Maia and I sat down and laid out what we considered to be a healthy lunch. It needed to include lots of veggies, some sort of protein, whole grains and some fruit, and it needed to be unprocessed. Most importantly, it needed to be quick, easy and something she could help prepare.
So we made a list of lunches she loved and lunches she’d like to try, and then posted it up where everyone could see it.
(Image: Flickr / mamichan)
These have been a favourite of Maia’s since she was small. Take a whole grain tortilla, spread it with something healthy, roll it up and cut it into slices. Her favourite fillings are blended cream cheese (we buy plain cream cheese, then blend it with red peppers, black olives, smoked salmon or spinach—it keeps for about a week depending on what you blend in), homemade hummus (it’s so easy to make, you’ll never buy store-bought hummus again) or a nut butter.
(Image: Flickr / little blue hen)
We cheat. When I make brown rice for dinner, I pull out a cup of rice and stir in some rice vinegar. After dinner, when the rice is cool, Maia rolls the sushi (she’s a pro, but it doesn’t need to be beautiful) with slices of carrot, cucumber, green onion, shredded cabbage etc. and sticks the roll in the fridge. The next morning, I slice it and arrange it in her lunch container.
(Image: Flickr / esimpraim)
Restaurant fried rice is anything but healthy, but when you control the ingredients, it’s really easy to make a nutritious version. Ours typically includes leftover rice and meat from dinner and diced veggies fried together in the minimum required amount of oil, with the addition of some hoisin sauce for flavour (I usually throw in a bonus handful of greens right at the end).
To make prep on this dish easy, I assemble it all in the evening and fry it in the morning, then put it in a wide-mouth thermos.
(Image: Flickr / armigeress)
This may be easier when you only have one child, but I discovered if Maia enjoyed a soup, stew or pasta dish at dinner, chances are she’d eat it again the next day at lunch. I reheat it in the morning and put it in her thermos.
(Image: Flickr / like_the_grand_canyon)
The same cream cheese spreads (thinned down with yogurt) and hummus that are good as spreads also work as dips. Maia’s job is to slice up veggies a couple times a week so they are on hand for snacks. Then, simply grabbing a selection for lunch is a quick process.
(Image: Flickr / mikaelf)
This seems to be a mandatory lunch food—right up there with PB&J. Those mini pizzas are awfully tempting (they’re organic!), but when I read through the ingredients and looked at the price, I realized making our own pizzas might be worth the effort.

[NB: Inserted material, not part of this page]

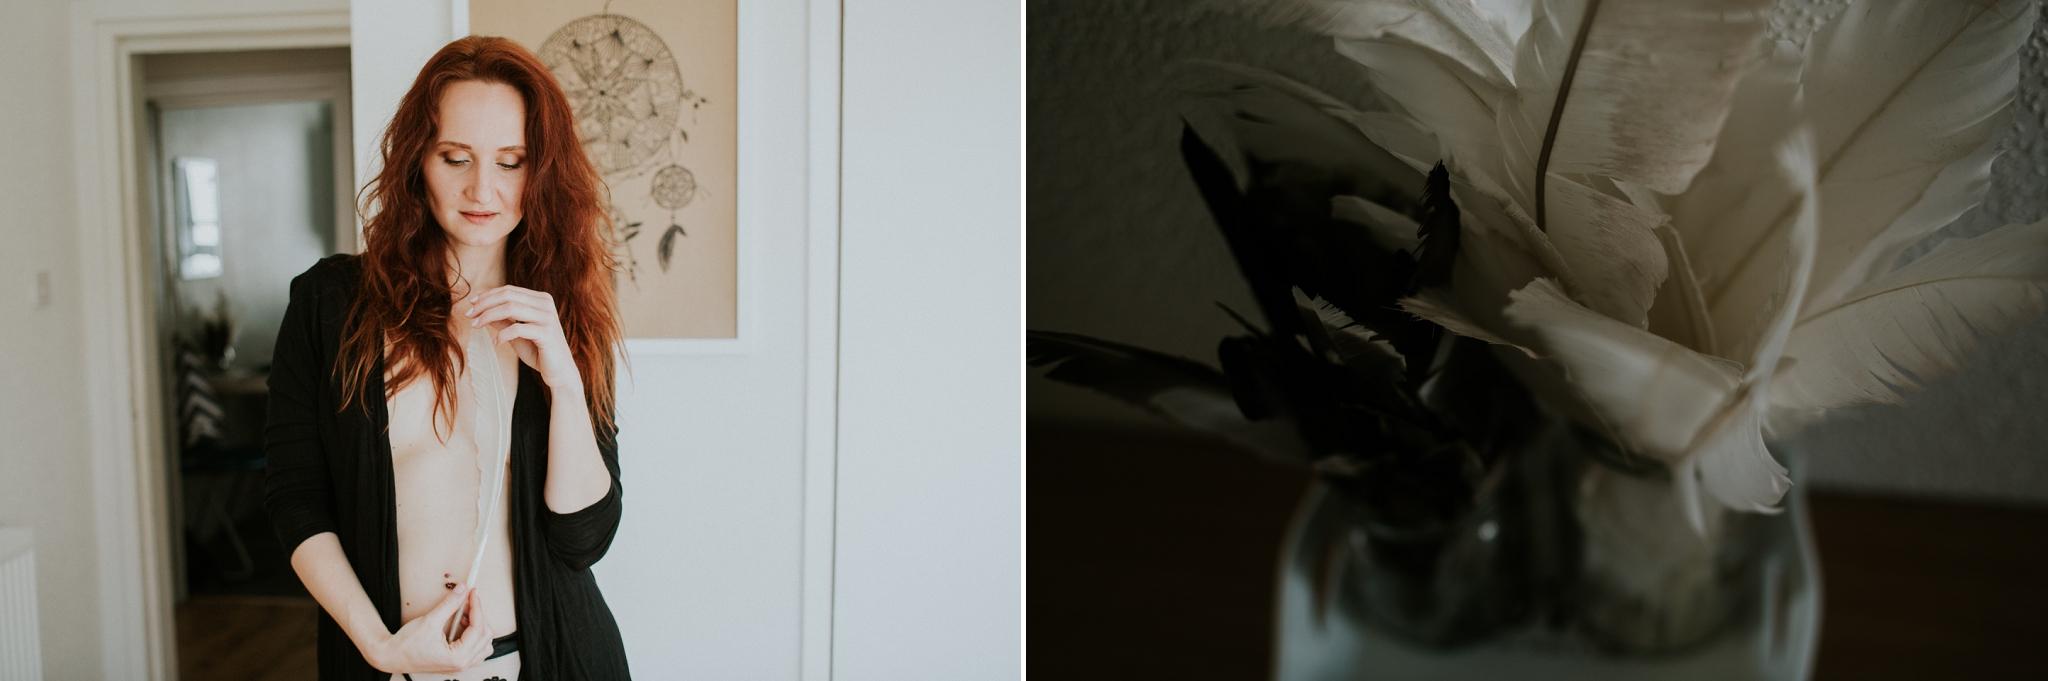 Glasgow boudoir photographer | Sue-Slique Photography 2017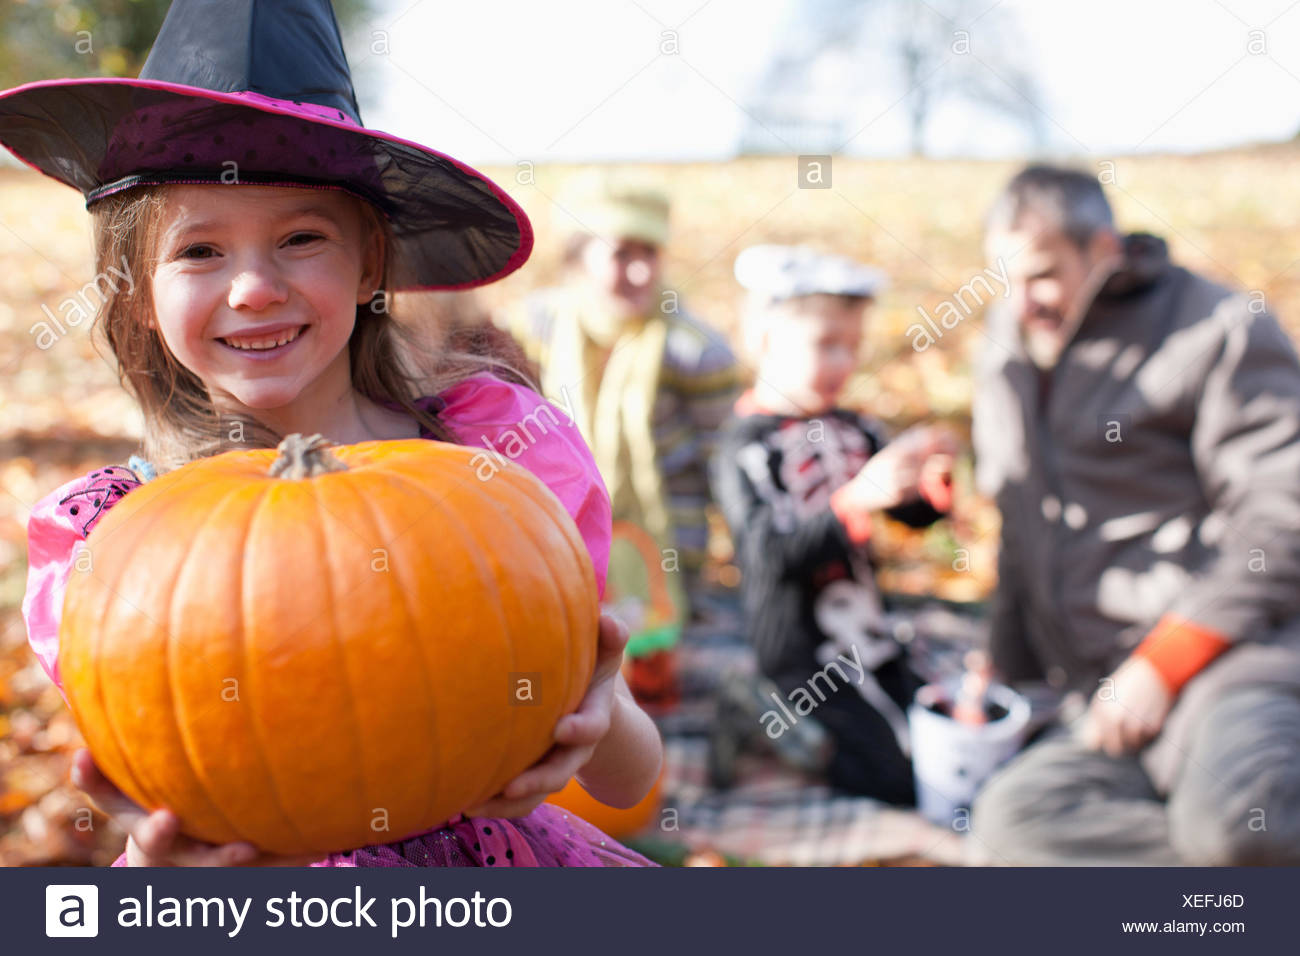 Girl in Halloween costumes holding pumpkin - Stock Image

So we did it from scratch and put together 12 mini pizzas (we used a standard pizza dough recipe and made individual pizzas instead) for the price of two store-bought ones and froze them for future use. When we’re short on time (or Maia wants a treat), we just need to heat one up while she eats breakfast and then pack it to go.
(Image: Flickr / ciao-chow)
School lunch without some sort of treat isn’t much fun. So about once a week, Maia and I will bake something (cookies, banana bread, etc.), then freeze at least one week’s worth of portions. We are a weak family when it comes to baked goods and they would otherwise disappear. When we are really clever, we overlap our baking so she has a couple of different treats to choose between.
What are your favourite lunches for your kids? Any tips on how to get healthy food into them when we’re not there?